The minutes of the last Federal Reserve meeting, released last night, show that some Policymakers are set to end their bond buying program sooner, given the high inflation rate in the United States which reached 6.2% last month.

The Fed began cutting its asset purchase program by $ 120 billion per month this month, slashing it by $ 15 billion per month, the rate at which it would end next June.

But the minutes clearly suggest that the reduction could be accelerated:


Various participants noted that the (policy-making) committee should be prepared to adjust the pace of asset purchases and raise the target range for the federal funds rate sooner than participants are currently anticipating if the Inflation continued to exceed levels consistent with the committee’s objectives. . “

Some more accommodating members of the Fed have stressed that they should take a “patient attitude” to incoming data given supply chain issues and the pandemic.

Nevertheless…


Participants noted that the Committee would not hesitate to take appropriate measures to deal with inflationary pressures which posed risks to its long-term price stability and employment objectives.

Federal Reserve
(@ federal reserve)

We have posted the minutes of the #FOMC meeting held on November 2-3, 2021: https://t.co/UjzXQgA2OH


November 24, 2021

The prospect of a faster than expected Fed policy tightening has weighed on the pound and euro in recent weeks.
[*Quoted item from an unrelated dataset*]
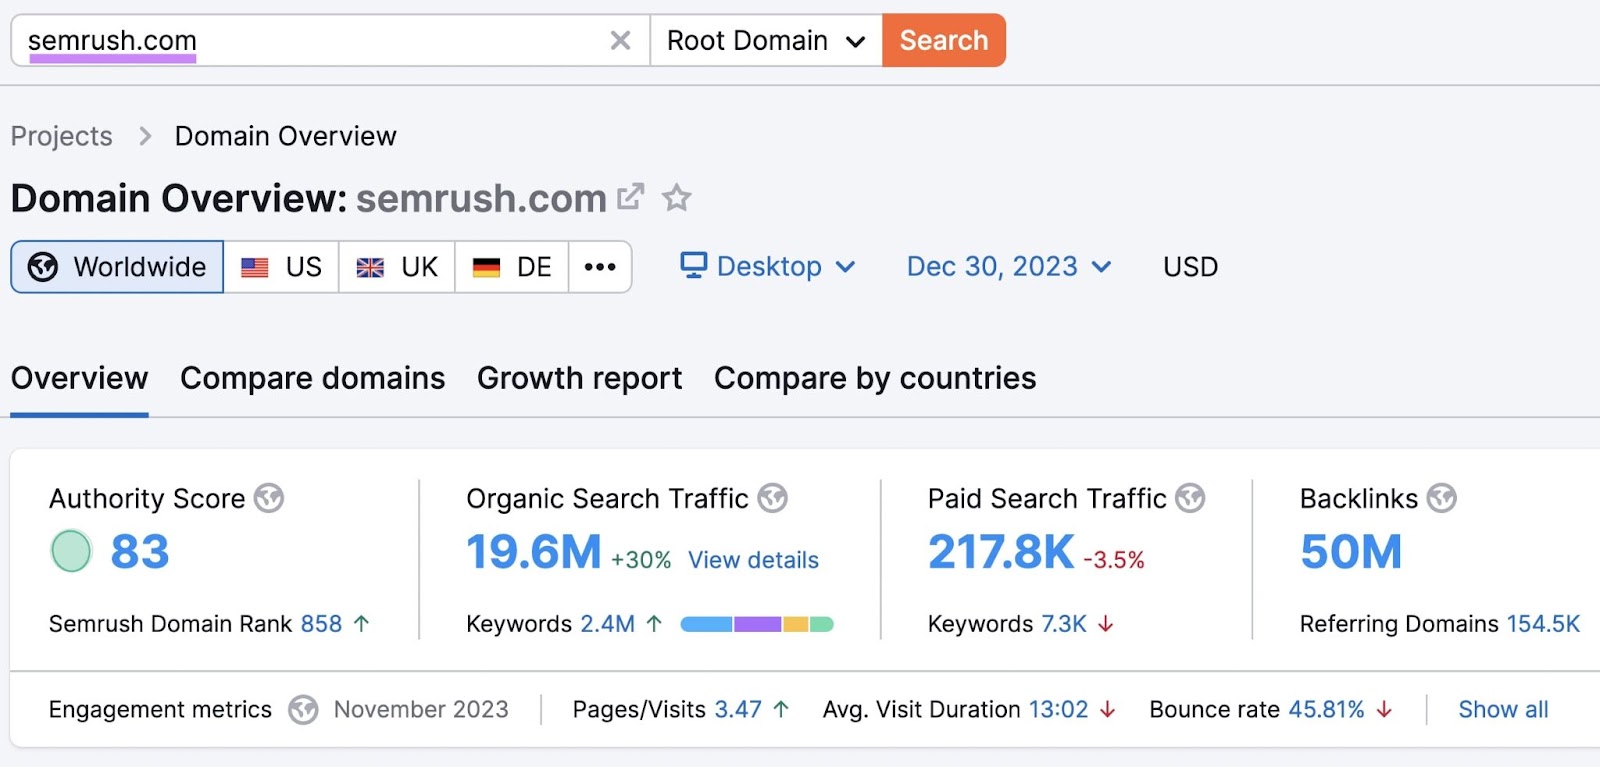 Domain Overview tool data for Semrush.com domain

Last night, the British pound hit its 2021 low, trading at just $ 1.3325 to the US dollar.




Sterling near 2021 is at its lowest as the Fed hints at a faster cut;  Covid wave hits German consumer confidence – business live |  Business

The British pound against the US dollar this year Photo: Refinitiv

The euro is even weaker – at its lowest against the US dollar since July 2020, and near its 21-month low against the pound.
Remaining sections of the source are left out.